- **DATASET SECTION**
● ● ● ●

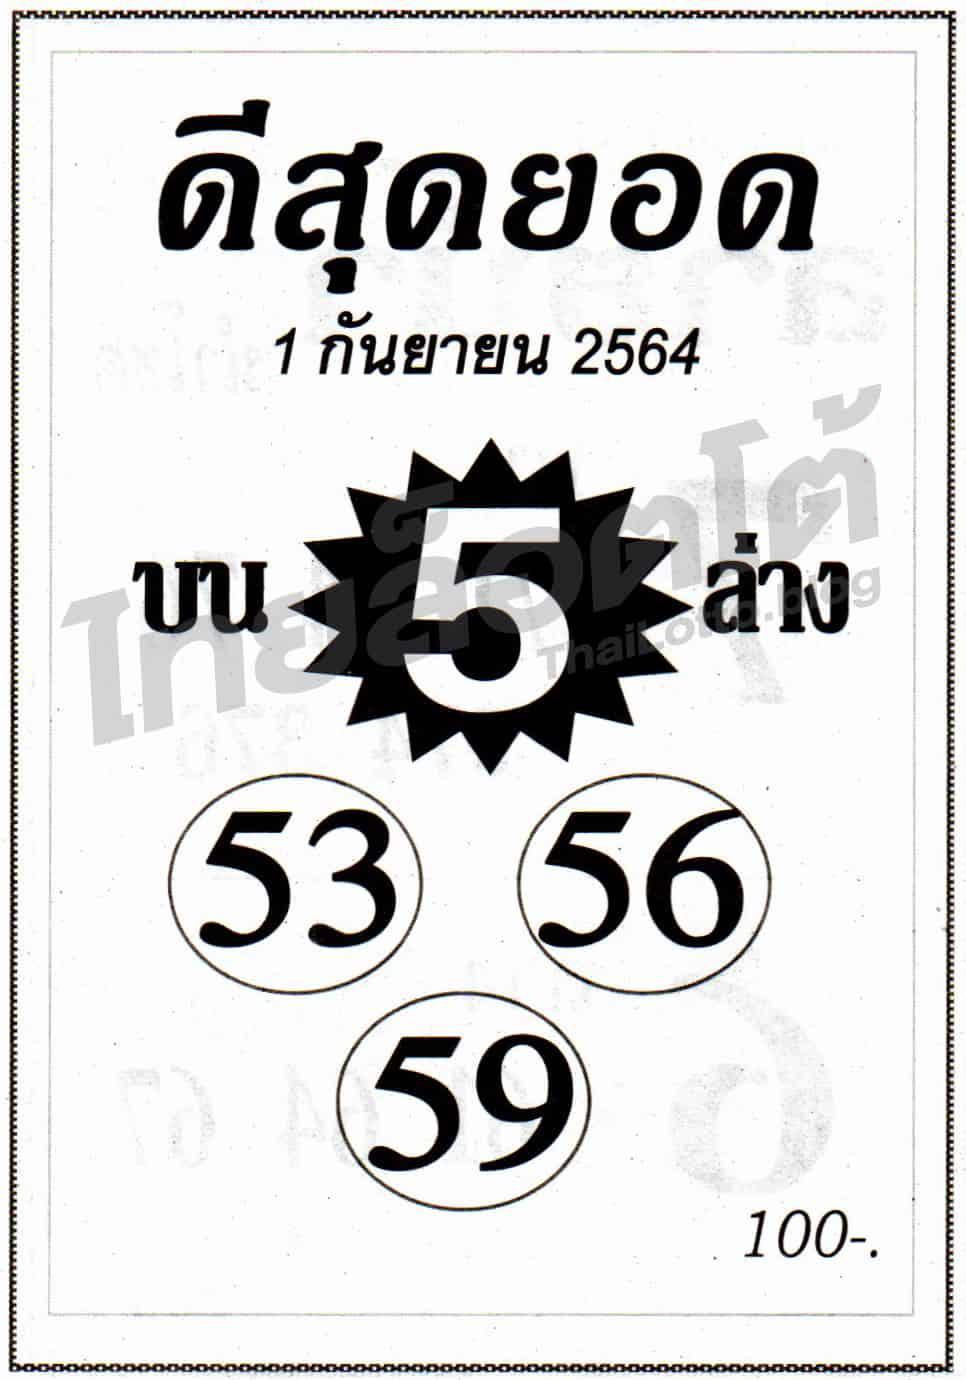 หวยซอง หวยดีสุดยอด-010964
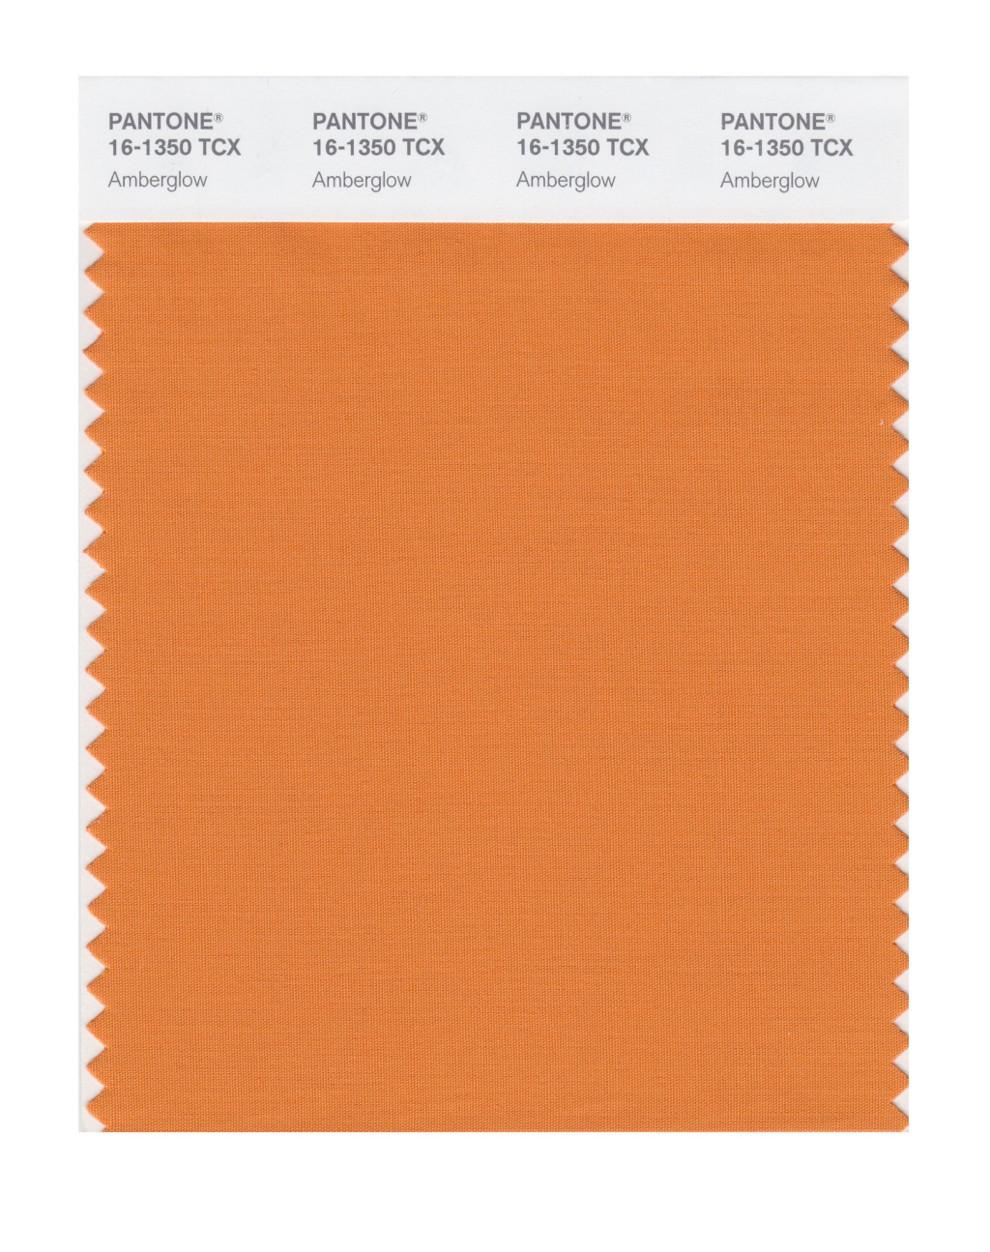 Модные цвета на зиму 2020/2021: персиковая нуга и оранжевый янтарь
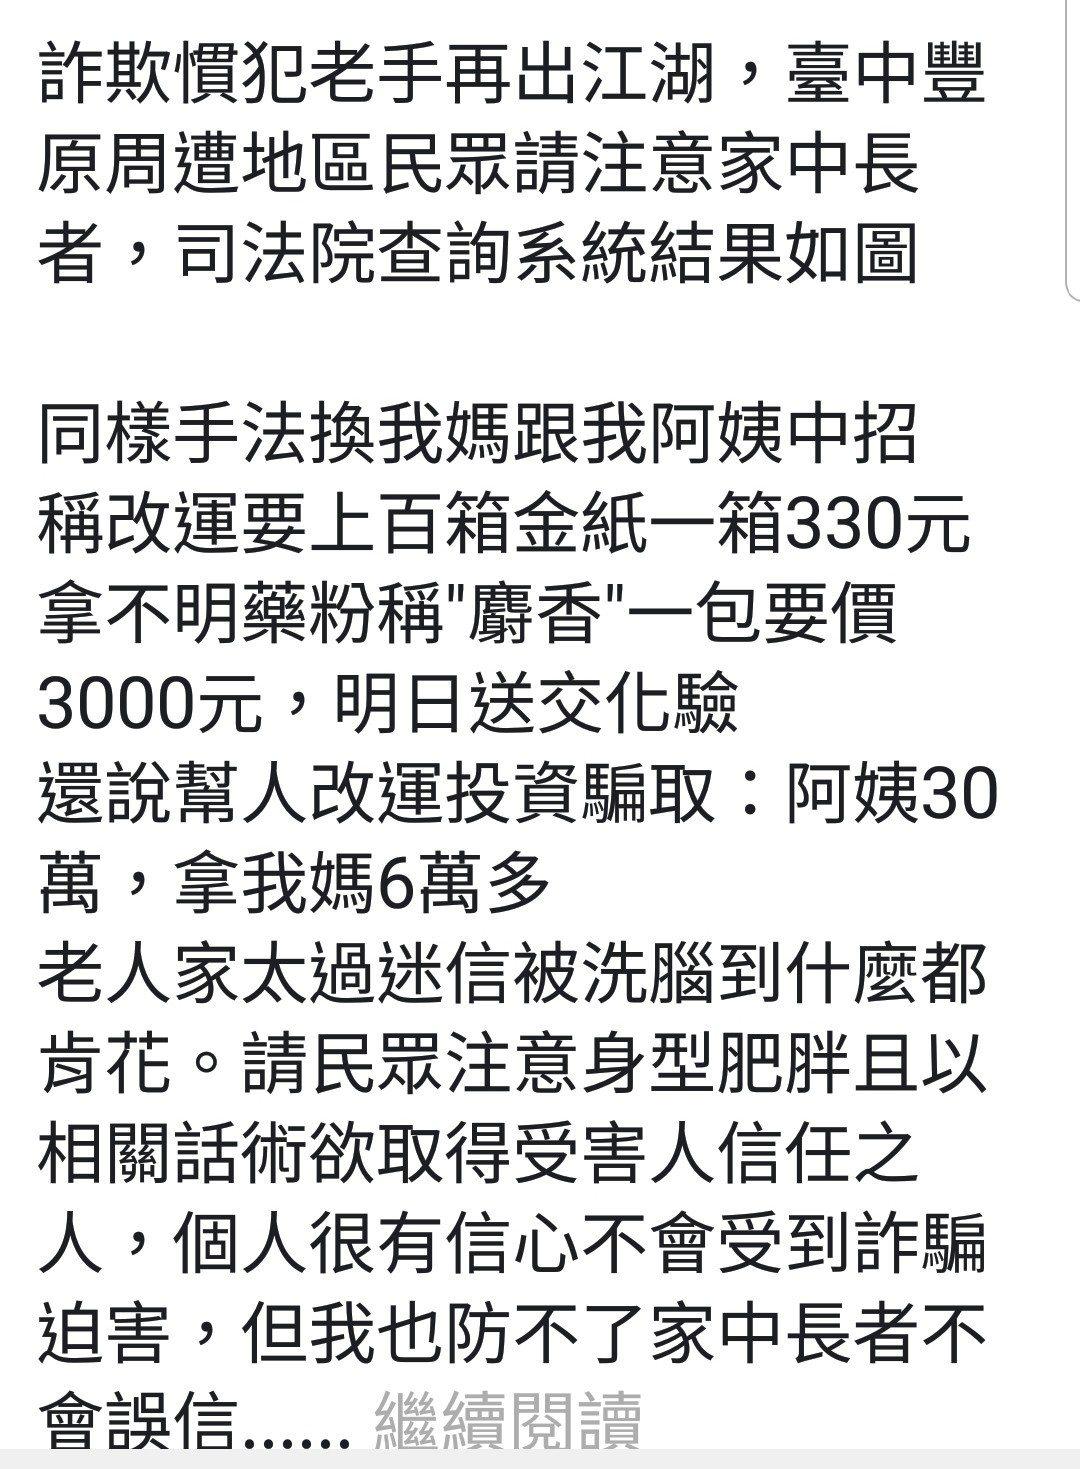 臉書爆料公社今天有人po文提醒,台中豐原和附近地區民眾要注意,避免老人家被騙。圖...

● ● ● ●

Could you write out verbatim only those lines that run from the line containing "Модные цвета на" through the end of the listing above, both included, without the pictures?

 Модные цвета на зиму 2020/2021: персиковая нуга и оранжевый янтарь
 臉書爆料公社今天有人po文提醒,台中豐原和附近地區民眾要注意,避免老人家被騙。圖...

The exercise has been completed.